Numa reunião com seus
aliados, Tocha conhece um engenheiro que trabalha em Itaipu e que odeia os
militares, porque estes o confundiram com seu irmão, e o torturaram
barbaramente no início dos anos 1970. Ele, então, sugere o plano audacioso de
dinamitar a usina, o que faz com que os olhos de Tocha brilhem: poderia ser um
plano perfeito, ainda que de execução muito difícil, para permitir que a
esquerda chegasse ao poder. Ele, então, planeja meticulosamente o atentado e
consegue ajuda do regime de Fidel Castro, com financiamento e explosivos
altamente sofisticados.
O leitor percebe que,
pela ousadia e gravidade de ambos os planos conspiratórios, o interesse da
leitura é garantido. Mas Martins de Oliveira, médico cardiologista e professor
aposentado da Universidade Federal do Rio de Janeiro (UFRJ), tem uma prosa
extremamente hábil para amarrar os planos de ambos os lados, e não só: o
contexto político é extremamente condizente com o que ocorria na época. Desta
forma, ações que, em tese, teriam muita chance de dar errado – como reconhecem
os próprios personagens do livro –, ganha ares de verossimilhança e muito
suspense.
Se no começo da resenha
afirmei que não há uma tradição de romances de ficção política no Brasil,
Martins de Oliveira é uma exceção. Antes de Atentado
em Itaipu, ele estreou com Outono
Vermelho, pela Globo de Porto Alegre, em 1966, mostrando o que poderia
acontecer se os comunistas tivessem chegado ao poder no Brasil. Ora, isto é
história alternativa! Pelo que sei, os poucos especialistas brasileiros neste
subgênero não incluem esta obra. E outro romance de sua autoria explora a
chegada ao Vaticano de um Papa marxista, em Os
Vinte Dias de Outubro, da Record, em 1982. Outro exercício instigante de
ficção especulativa política. Desnecessário dizer que ambos os livros devem ser
conhecidos, ainda mais depois da leitura deste ótimo tecnothriller político que flerta com a ficção científica.
Pois no contexto do
gênero, Atentado em Itaipu se situa
ao lado de outros romances de ficção política especulativa dos anos 1980, que
procuraram imaginar cenários possíveis para um Brasil pós-ditadura, no que eu
chamei de ‘ficções da abertura’, no artigo “Ventos de Mudança: A Ficção
Científica Brasileira e a Transição Democrática”, de 2013. Livros como A Invasão
(1979), de José Antonio Severo; Não Verás
País Nenhum (1982), de Ignácio de Loyola Brandão; A Ordem do Dia (1984), de Márcio Souza; Horizonte de Eventos (1984), de Jorge Luiz Calife; Silicone XXI (1985), de Alfredo Sirkis.

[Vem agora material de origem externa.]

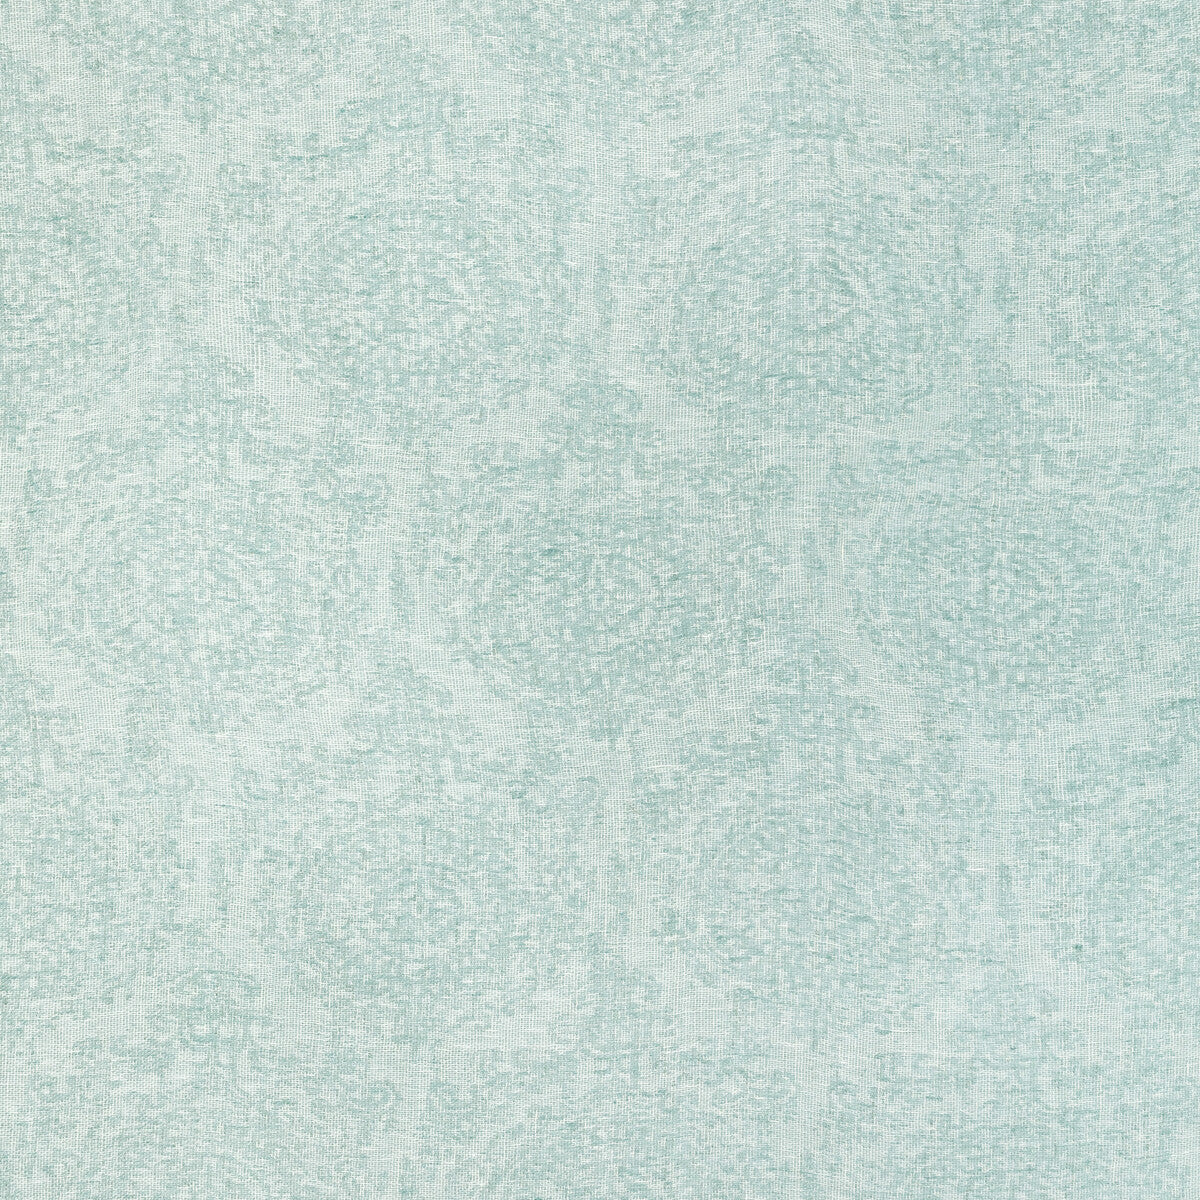 Romona Sheer fabric in aqua color - pattern 2021120.13.0 - by Lee Jofa in the Summerland collection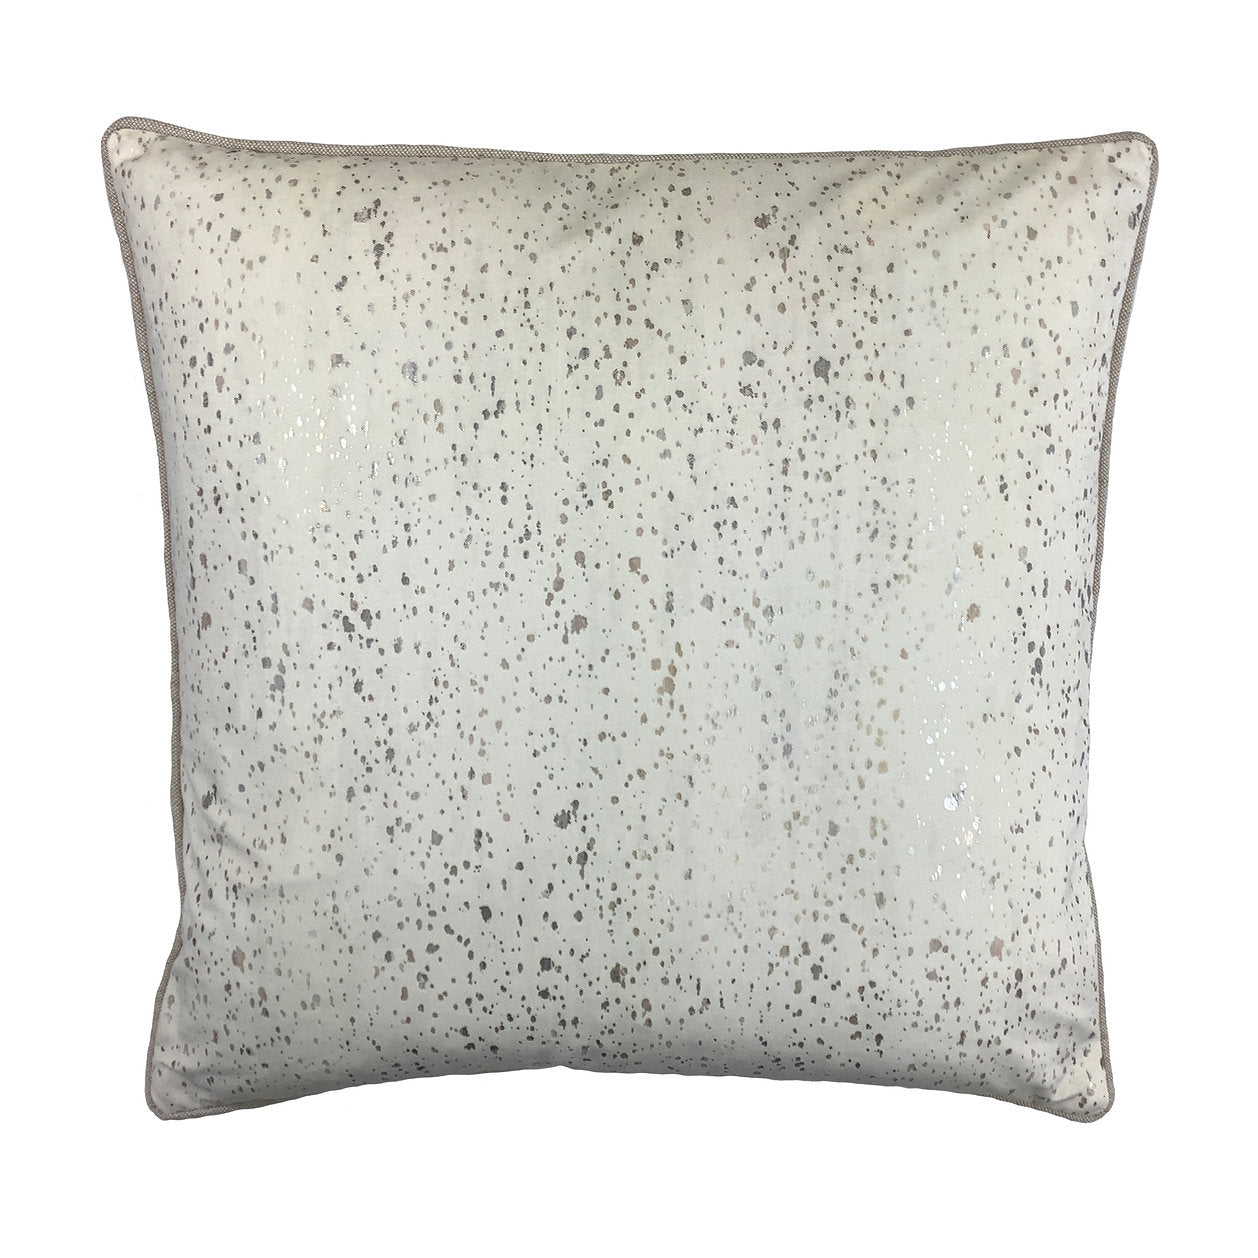 ANTHEM PILLOW SILVER SPOTTED  (Available in 2 sizes)

Além destes, outro que descobri após a publicação do artigo é O Outro Lado do Protocolo (1985), de
Paulo de Souza Ramos. Provavelmente deve haver alguns outros. O que só
evidencia que a pesquisa sobre a presença de temas de FC no mainstream literário brasileiro continua
a ser um campo a ser explorado, como neste ótimo Atentado em Itaipu.